In Ish v. McRae et al., 48 Ark. 413, 3 S.W. 440, Cockrill, C. J., in speaking for the court in a similar case, said:

"The first stipulation of the contract is one of purchase and sale. It binds the vendor to convey to the defendant, but to the terms of this agreement there is annexed the condition that, in case of failure in the performance of the agreement to pay the first installment of purchase money, the intended vendee shall thereafter pay rent for the use of the land. It was certainly competent for the parties to enter into a binding agreement of this nature. Wells v. Smith, 2 Edw. Ch. [N.Y.] 78;Id., 7 Paige [N.Y.] 22 [31 Am. Dec. 274]. The vendor, being unwilling *834 to take the hazard of losing both principal and interest of the purchase price, and the rent of the land as well, may make a sale upon condition, and give the vendee an option to hold as purchaser or as tenant after a given day. The vendee here had, in effect, agreed that his right should depend upon the scrupulous adherence to the engagement be made to pay the purchase price, and that time should be a material consideration in the contract."

Carpenter v. Thornburn, 76 Ark. 578, 89 S.W. 1047, was an appeal from the chancery court in a case similar in some of its aspects to the one under consideration. It was there held:

"The law on this point, so far as it applies to this case, is very clearly stated by Prof. Pomeroy as follows: 'It is well settled that, when the parties have so stipulated as to make the time of payment of the essence of the contract within the view of equity as well as of the law, a court of equity cannot relieve a vendee who has made default. With respect to this rule there is no doubt. The only difficulty is in determining when time has thus been made essential. It is also equally certain that, when the contract is made to depend upon a condition precedent — in other words, when no right shall vestuntil certain acts have been done, as, for example, until the vendee has paid certain sums at certain specified times — then also a court of equity will not relieve the vendee against the forfeiture incurred by a breach of such condition precedent.' "

1 Pomeroy on Equity, sec. 445; Quertermous v. Hatfield,54 Ark. 16, 14 S.W. 1096; Nelson v. Sanders, 123 Ala. 615, 26 So. 518; Wilcoxson v.
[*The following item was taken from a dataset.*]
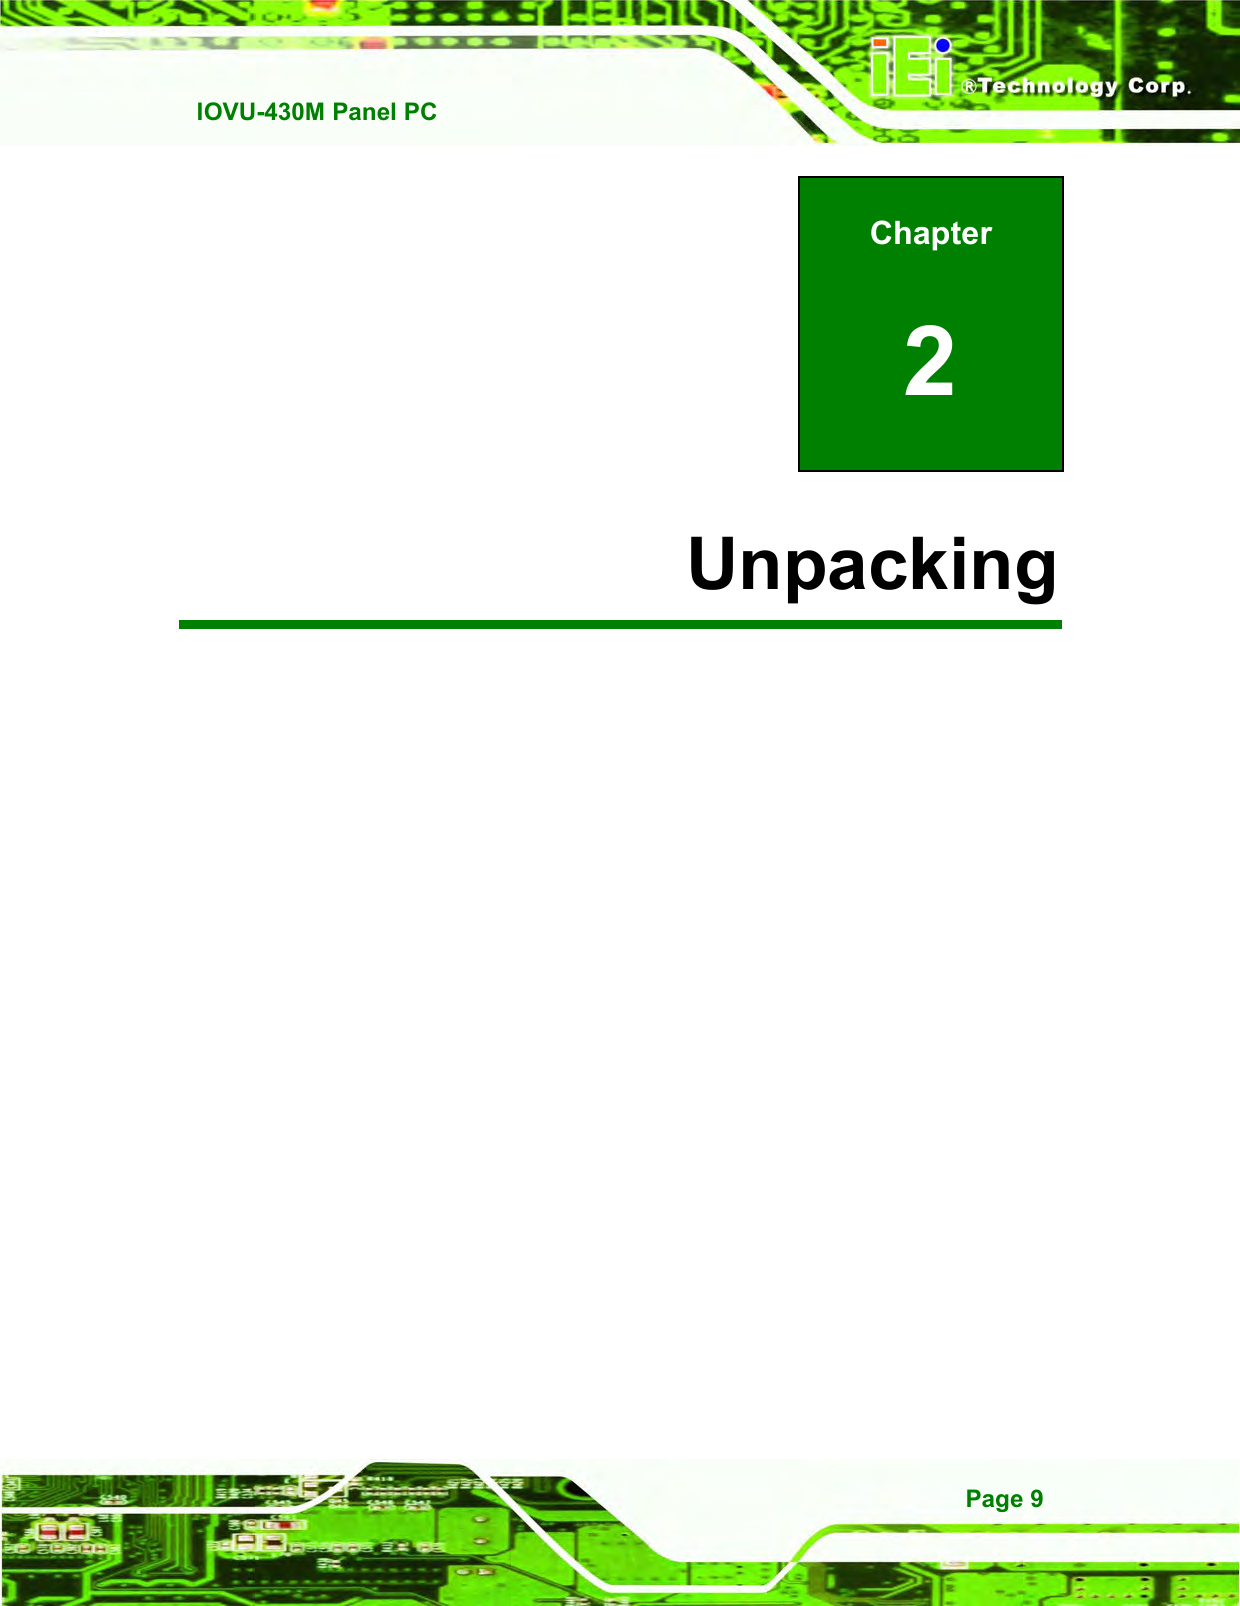   IOVU-430M Panel PC Page 9 Chapter 2 2 Unpacking

Stitt, 65 Cal. 596, 4 P. 629, 52 Am. Rep. 310; Prather v. Brandon, 44 Ind. App. 45, 88 N.E. 700;Kerns v. McKean, 65 Cal. 411, 4 P. 404; Sutherland v.Parkins, 75 Ill. 338; Verstein v. Yeancy, 210 Pa. 109, 59 A. 689; Murphy v. Myar (Ark.) 128 S.W. 359; Sheehy v. Scott, 128 Iowa, 551, 104 N.E. 1139, 4 L. R. A. (N. S.) 365.

In Chambers et al. v. Anderson et al., 51 Kan. 385, 32 P. 1098, it was held that where by a written agreement for the sale of land parties stipulate that in case the second party shall fail to make the payment punctually and upon the strict terms and conditions named, and likewise perform each, all, and every agreement and stipulation, strictly and literally, without failure or default, then the contract, so far as it may bind the first party, should become utterly null and void, and all rights and interests *835 therein created or then existing in favor of or derived from the first party should utterly cease and determine, and the right of possession and all equitable and legal interests in the premises contracted for should revert to and revest in the first party, without any declaration of forfeiture or act of re-entry, or any other act by the first party to be performed, and without any right of the second party of reclamation or compensation for moneys paid or services performed as absolutely, fully, and perfectly as if the contract had never been made — that such provision was for the benefit of the first party, and the contract should be void only at his election, and that he could either avoid or enforce the contract at his own election. It was said by Horton, C. J.:

"The provision that this agreement should be void was for the benefit of the vendor. On the vendee's default, the vendor might, therefore, consider the agreement void at his own election, or affirm it, and bring his action on the covenants."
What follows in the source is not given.